Problem Statement

A permutation of an array of integers is an arrangement of its members into a sequence or linear order.

• For example, for arr = [1,2,3], the following are all the permutations of arr: [1,2,3], [1,3,2], [2, 1, 3], [2, 3, 1], [3,1,2], [3,2,1].

The next permutation of an array of integers is the next lexicographically greater permutation of its integer. More formally, if all the permutations of the array are sorted in one container according to their lexicographical order, then the next permutation of that array is the permutation that follows it in the sorted container. If such arrangement is not possible, the array must be rearranged as the lowest possible order (i.e., sorted in ascending order).

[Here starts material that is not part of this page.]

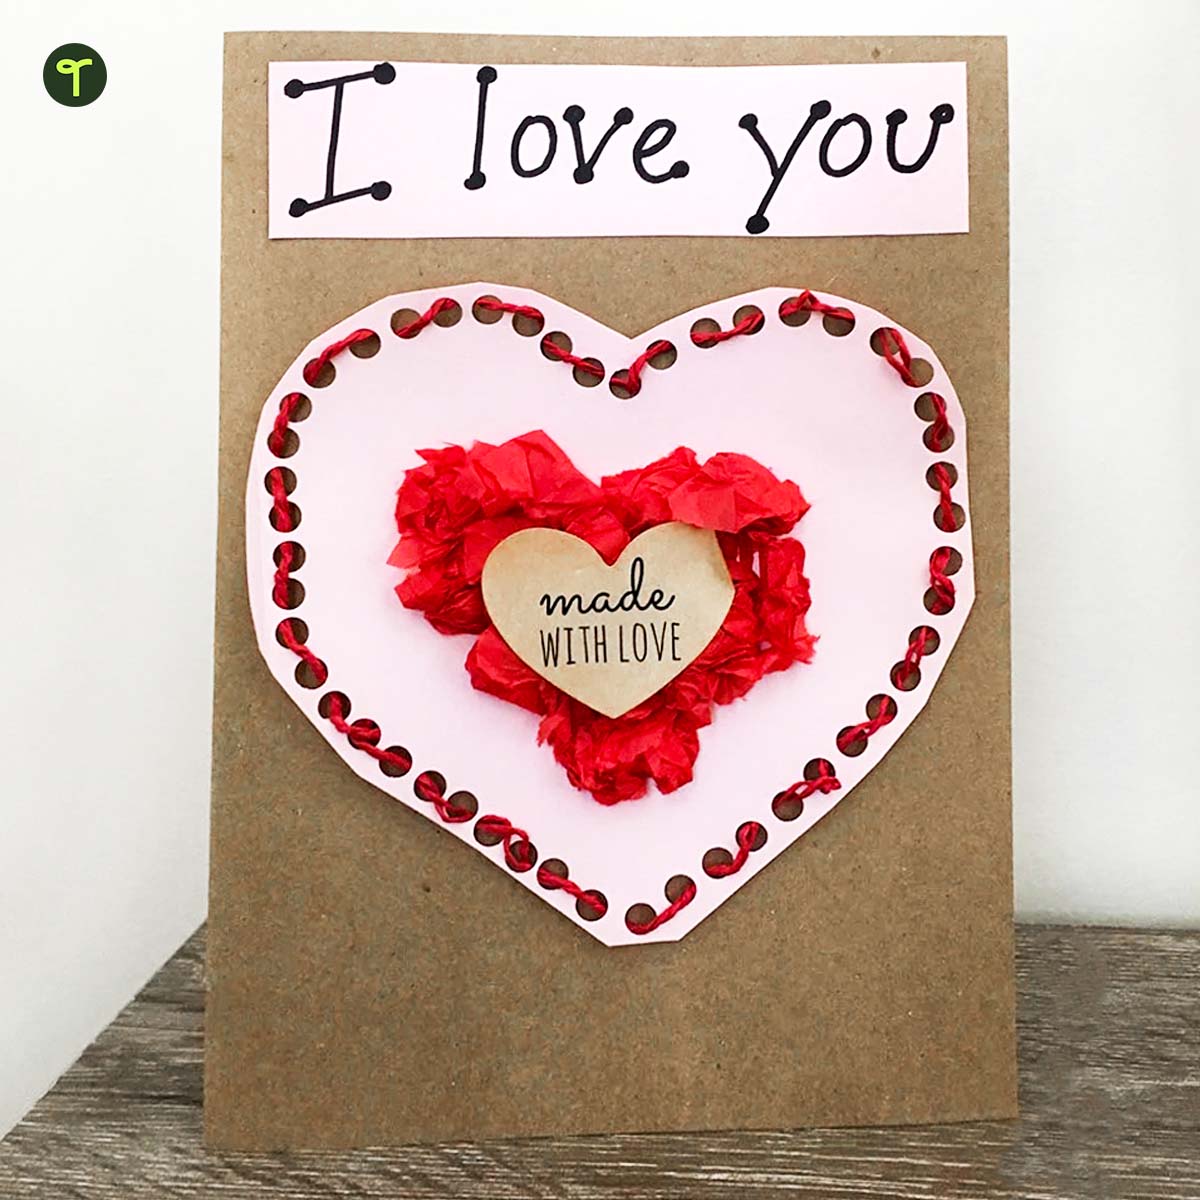 Valentine's Day craft idea for kids featuring a threaded heart in the center to work kids'fine motor skills

• For example, the next permutation of arr = [1,2,3] is [1,3,2].
• Similarly, the next permutation of arr = [2,3,1] is [3,1,2].
• While the next permutation of arr = [3,2,1] is [1,2,3] because [3,2,1] does not have a lexicographical larger rearrangement.

Given an array of integers nums, find the next permutation of nums.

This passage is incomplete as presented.